A tale of meteorites, re-entry vehicles, and a missing doctoral thesis
Bob Weiss earned his bachelor’s degree in aerospace engineering from NYU’s Guggenheim School of Aeronautics in 1958 and his doctoral degree in 1963. Subsequent decades found him increasingly busy with a growing family, work at the Avco-Everett Research Lab, an early developer of survivable re-entry vehicles, and, eventually, leadership of his own company – Physical Sciences, Inc. (PSI), which was dedicated to supporting the country’s missile defense efforts. He was so busy that he completely forgot about an intriguing letter he had once received from two faculty researchers at an Ivy League university.
Weiss came across the missive while sorting through a box of artifacts in preparation for selling his New Hampshire home, and the memory flooded back. The researchers wrote that they had learned of his doctoral thesis, "Stability of the Stagnation Region to Three-Dimensional Disturbances," from the U.S. Air Force, as they had ostensibly been unable to find a copy in NYU’s library. Weiss recalled being puzzled when the letter nevertheless promised to reference his doctoral thesis. He had never pursued publishing the thesis more widely, given his rapidly mounting career demands, but was certain there should have been at least one bound and signed copy available in the NYU archives.
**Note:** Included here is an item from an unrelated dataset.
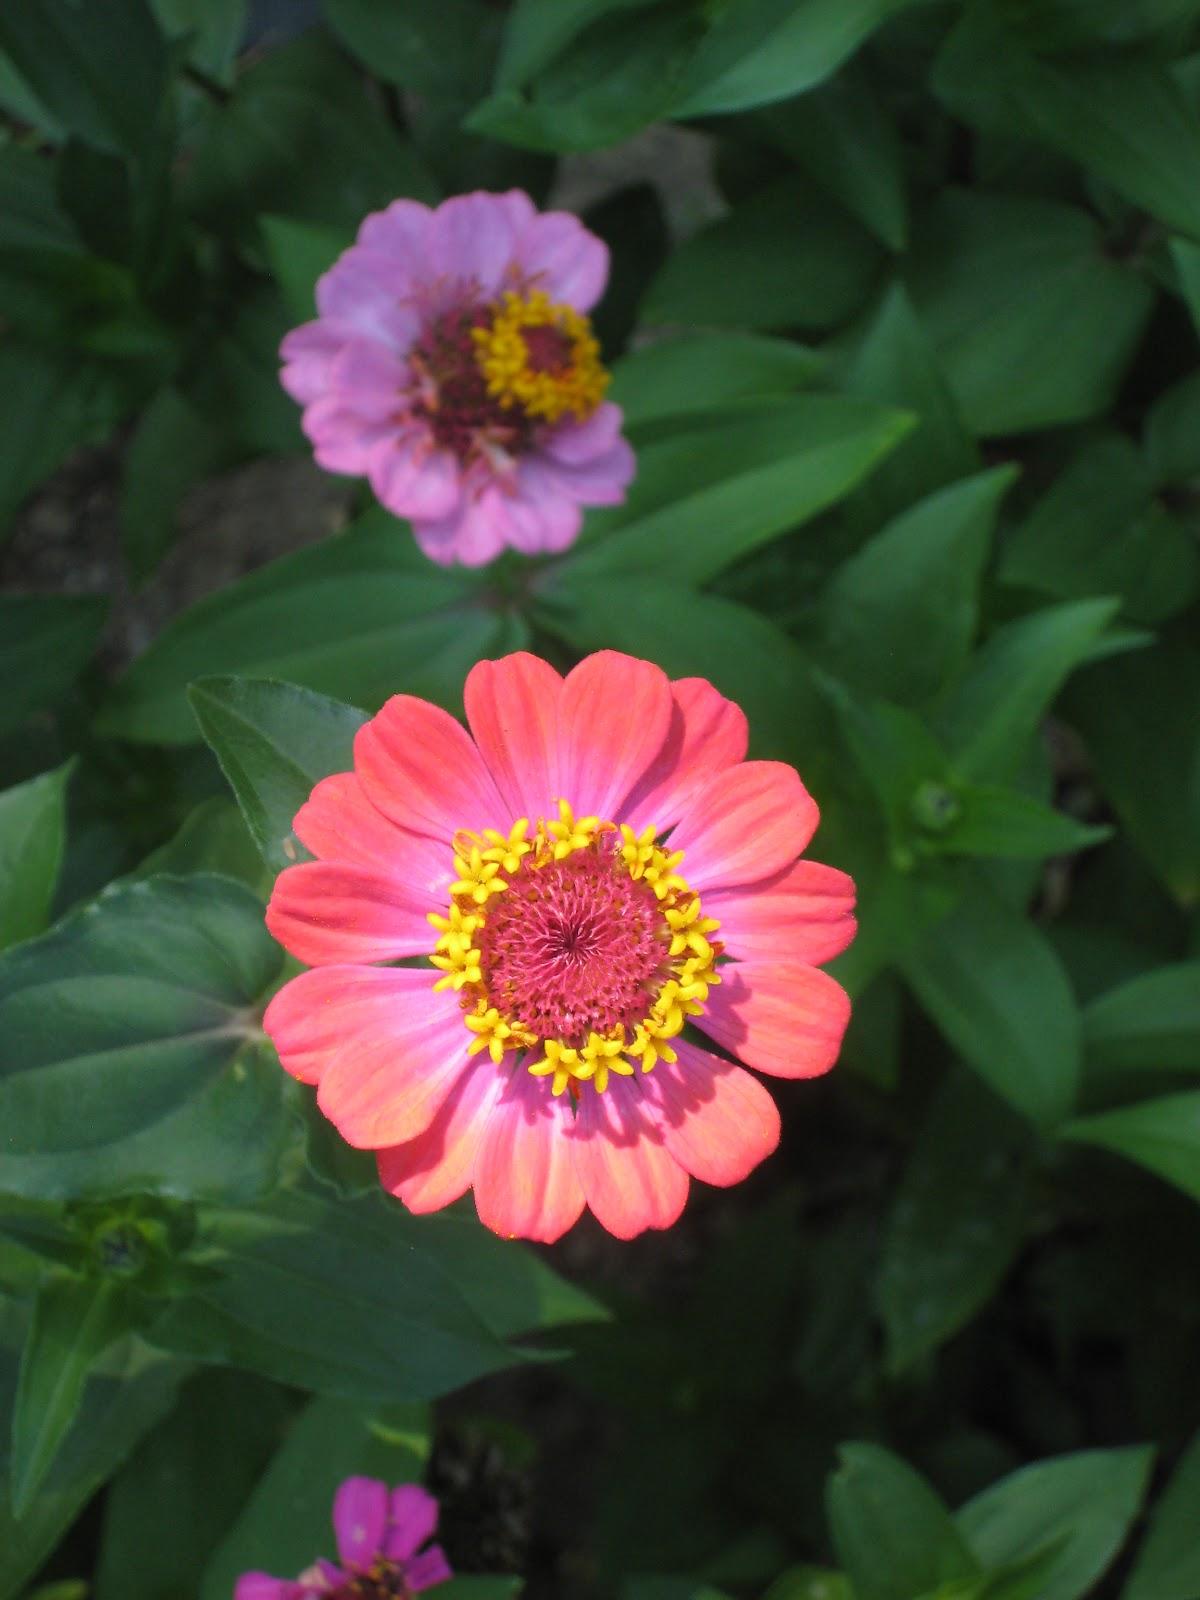 Classic elite yarns jones farm and greenhouse hot house summer jones farm and greenhouse hot house summer flowers perennials mightylinksfo

Weiss’s graduate research had been conducted under sponsorship of the U.S. Air Force, and the researchers had, they informed him, obtained a copy from the military archivists. Now curious after rereading the letter, Weiss, who had stepped down from running PSI in 2012, decided to investigate. He discovered, to his astonishment, that the researchers (both now deceased) had published, sans a key redacted section, a total reproduction of both his theoretical and experimental work, with no acknowledgement or attribution of the 1963 thesis. Adding insult to injury, there were, and still are, two copies of the thesis readily accessible at NYU, just as he had thought.
Despite his initial (and understandable) shock, Weiss has accepted the situation. No matter how outrageous that turn of events, he has enjoyed a stellar career – PSI was one of the first participants in the Small Business Innovation Research (SBIR) Program and has become an industry leader in applied science and technology – and a long-ago act of academic intrigue was not worth too much emotional energy.
Still, Weiss decided that he would gain some measure of satisfaction by writing again about the appearance of recovered stony meteorites – the section of his thesis that the Air Force had probably deemed too sensitive to release more than five decades before. This class of meteorites exhibits longitudinal striations, with potential consequences for successful atmospheric re-entry. The new paper he has produced is available here, and while the field has moved forward in the 56 years since his doctoral studies, the subject should still be of interest to planetary scientists.
You’re never too young or too old to be a researcher, Weiss asserts, and he can point to his own trajectory as proof – from when he first decided to delve into aeronautics as a student at the Bronx High School of Science all the way up to the present day. In recent years, he has pivoted to cancer research, despite having last studied biology back in high school, and has co-authored several papers related to the diagnosis and advanced treatment of lymphomas and leukemias. “It’s a matter of always being ready to learn and to find the best mentors whatever your age,” he says.